Step 5: Egress Observability
Every outbound call routes through the gateway; the gateway is your central observation point.
# Inspect Envoy access logs at the egress gateway.
kubectl logs -n istio-system -l istio=egressgateway --tail 50
# 1.2.3.4 - "GET /v1/charges HTTP/1.1" 200 stripe.com
# Standard Istio metrics show per-destination counts.
istio_request_total{destination_service_namespace="external-stripe", source_workload="payments-api"}
Centralize:
- Set up Prometheus scraping at the egress-gateway specifically.

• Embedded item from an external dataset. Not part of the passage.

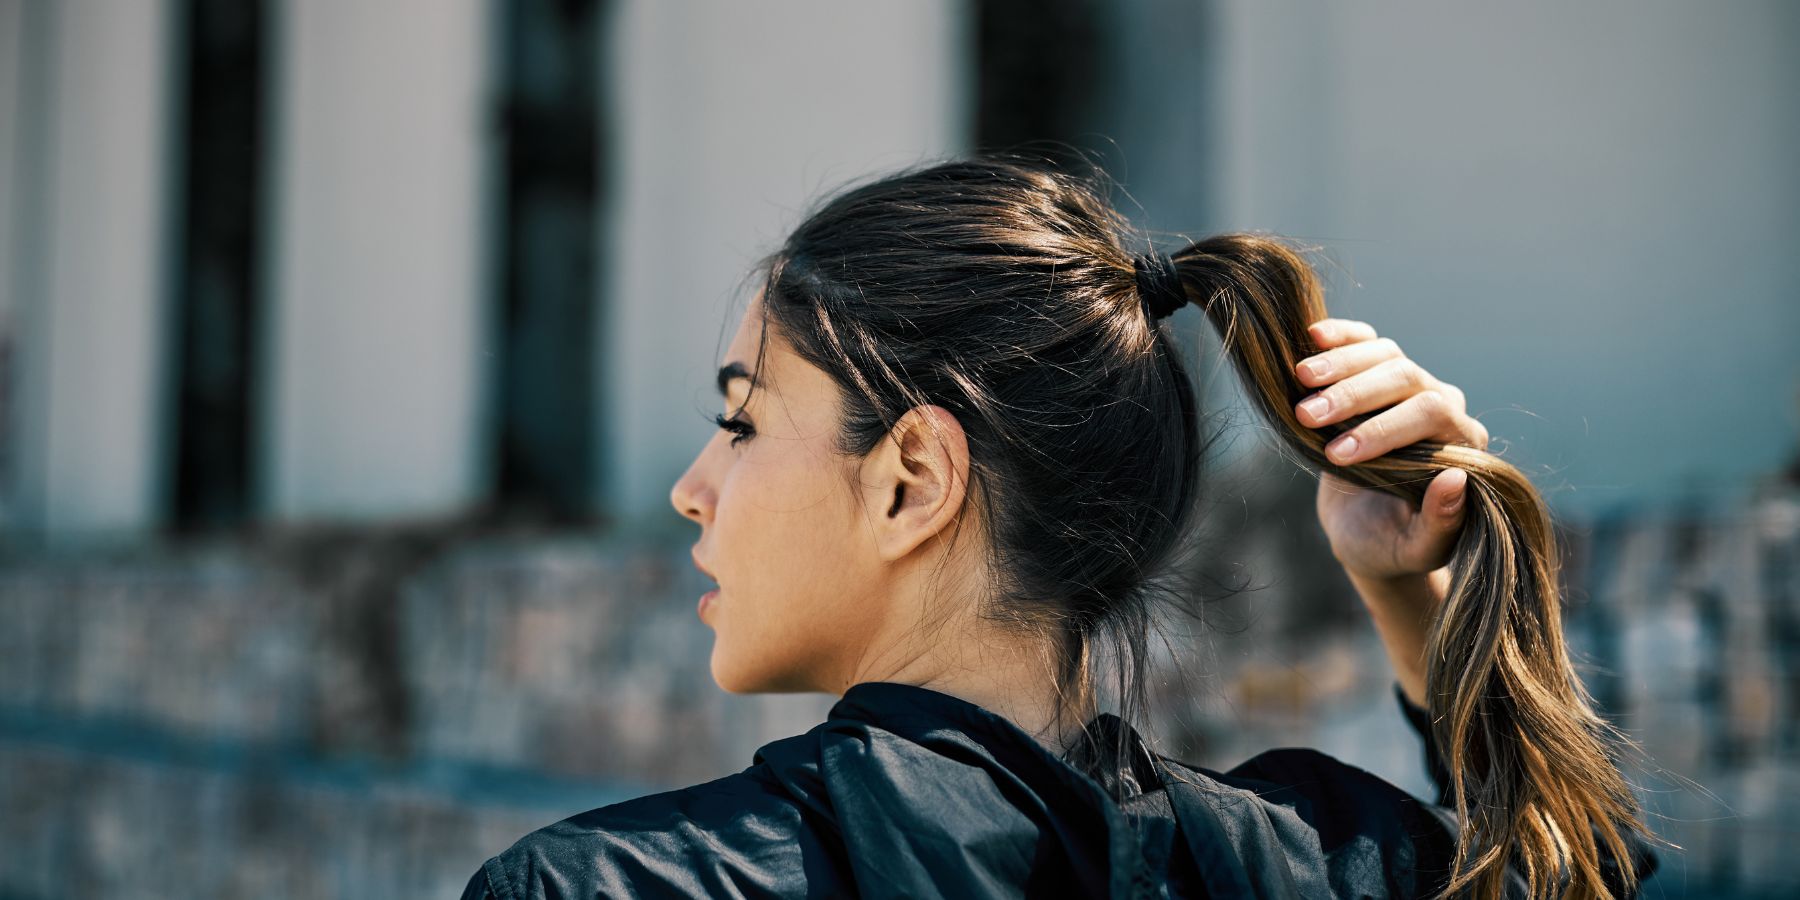 The Stylish and Easy-to-Maintain Hairstyles Every Woman Should Know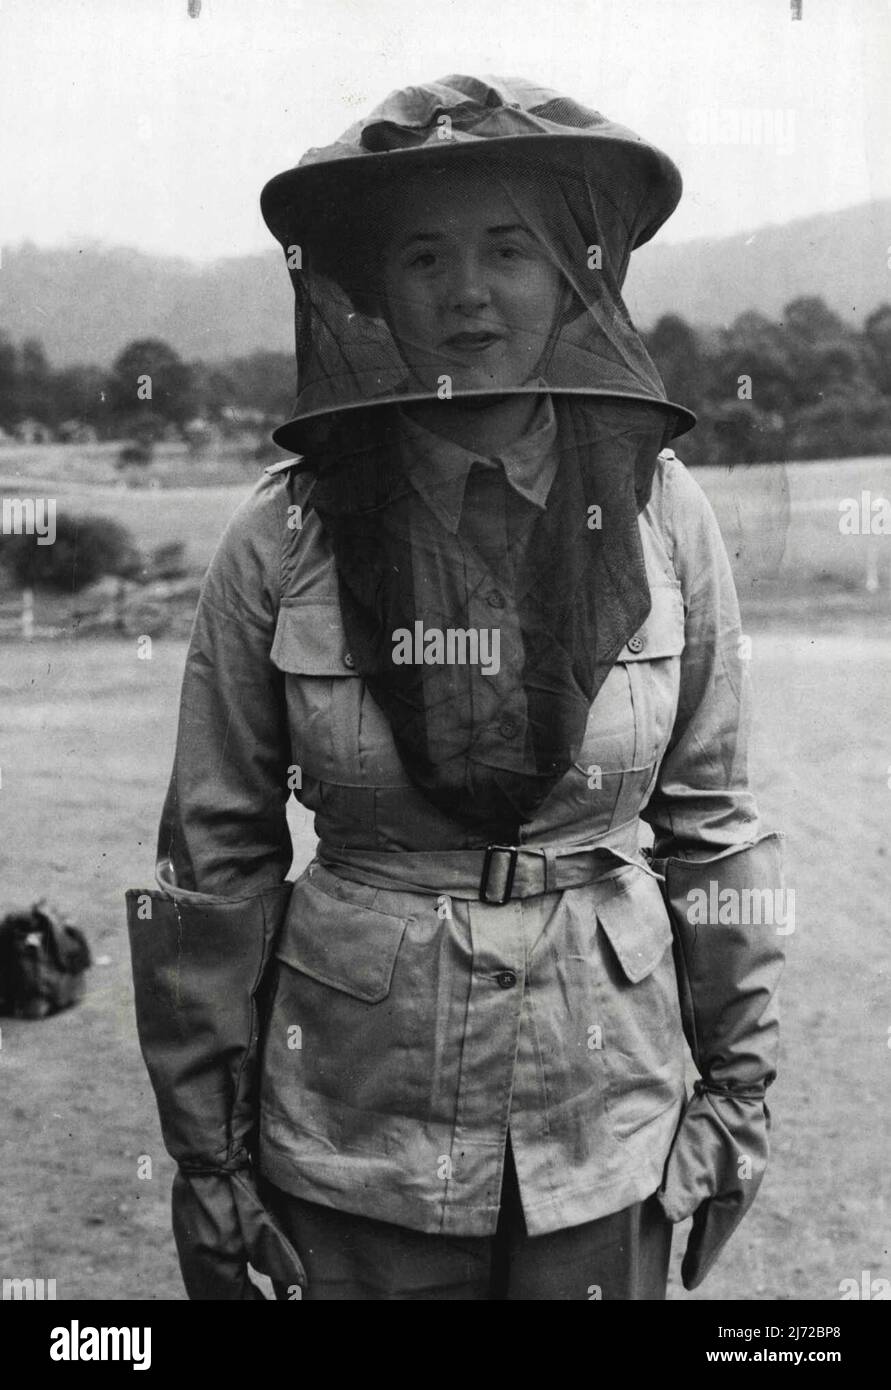 Fashion in N.G. Veils - Special outdoor tropical uniform are issued to members of the Australian Army Medical Women's Service before they ***** Australia of New Guinea. picture shows mosquito veil, ***** over the wide-brimmed khaki hat. September 13, 1943. Stock Photo

- Stream Envoy access logs to a SIEM with the
EGRESS_GATEWAYlabel. - Alert on unexpected destinations (anything not in the ServiceEntry registry).
Step 6: Per-Tenant / Per-Namespace Restrictions
Limit which namespaces can use which ServiceEntries via Sidecar resources:
apiVersion: networking.istio.io/v1
kind: Sidecar
metadata:
name: payments-egress
namespace: payments
spec:
egress:
- hosts:
- "./*" # all in same namespace
- "istio-system/*" # control plane
- "external/api.stripe.com" # specifically allow stripe
# Other ServiceEntries NOT listed are blocked from this namespace.
The Sidecar resource constrains the sidecar’s outbound configuration to a specific subset. Even though api.openai.com may have a cluster-wide ServiceEntry, the payments namespace’s sidecar can’t reach it unless explicitly allowed.
Step 7: AuthorizationPolicy at the Egress Gateway
For finer control, apply an AuthorizationPolicy at the egress gateway:
apiVersion: security.istio.io/v1
kind: AuthorizationPolicy
metadata:
name: egress-stripe-allowed-callers
namespace: istio-system
spec:
selector:
matchLabels:
istio: egressgateway
action: ALLOW
rules:
- from:
- source:
namespaces: [payments]
to:
- operation:
hosts: [api.stripe.com]
- from:
- source:
namespaces: [auth]
to:
- operation:
hosts: [auth0.com]
Only the payments namespace can use the gateway to reach api.stripe.com. The auth namespace can reach auth0.com. Cross-cluster lateral movement is blocked at the egress boundary.
Step 8: Egress Rate Limiting
Bound per-namespace outbound rate:
apiVersion: networking.istio.io/v1
kind: EnvoyFilter
metadata:
name: egress-rate-limit-payments
namespace: istio-system
spec:
workloadSelector:
labels:
istio: egressgateway
configPatches:
- applyTo: HTTP_FILTER
match:
listener:
filterChain:
filter:
name: envoy.filters.network.http_connection_manager
patch:
operation: INSERT_BEFORE
value:
name: envoy.filters.http.local_ratelimit
typed_config:
"@type": type.googleapis.com/envoy.extensions.filters.http.local_ratelimit.v3.LocalRateLimit
stat_prefix: egress_rate_limit
token_bucket:
max_tokens: 1000
tokens_per_fill: 1000
fill_interval: 1s
response_headers_to_add:
- append: false
header:
key: X-RateLimit-Reason
value: "egress-rate-limit"
Caps per-namespace outbound to 1000 req/s. A compromised Pod cannot saturate the gateway’s downstream capacity.
Step 9: Telemetry SLOs
istio_egress_requests_total{destination, source_namespace, response_code}
istio_egress_bytes_total{destination, source_namespace, direction}
istio_egress_request_duration_milliseconds{destination}
istio_egress_authz_denied_total{source_namespace, destination}
istio_egress_tls_handshake_failures_total{destination}
Alert on:
istio_egress_authz_denied_totalrising — likely an attacker probing or misconfigured workload.- Egress bytes from one namespace disproportionate — possible exfil.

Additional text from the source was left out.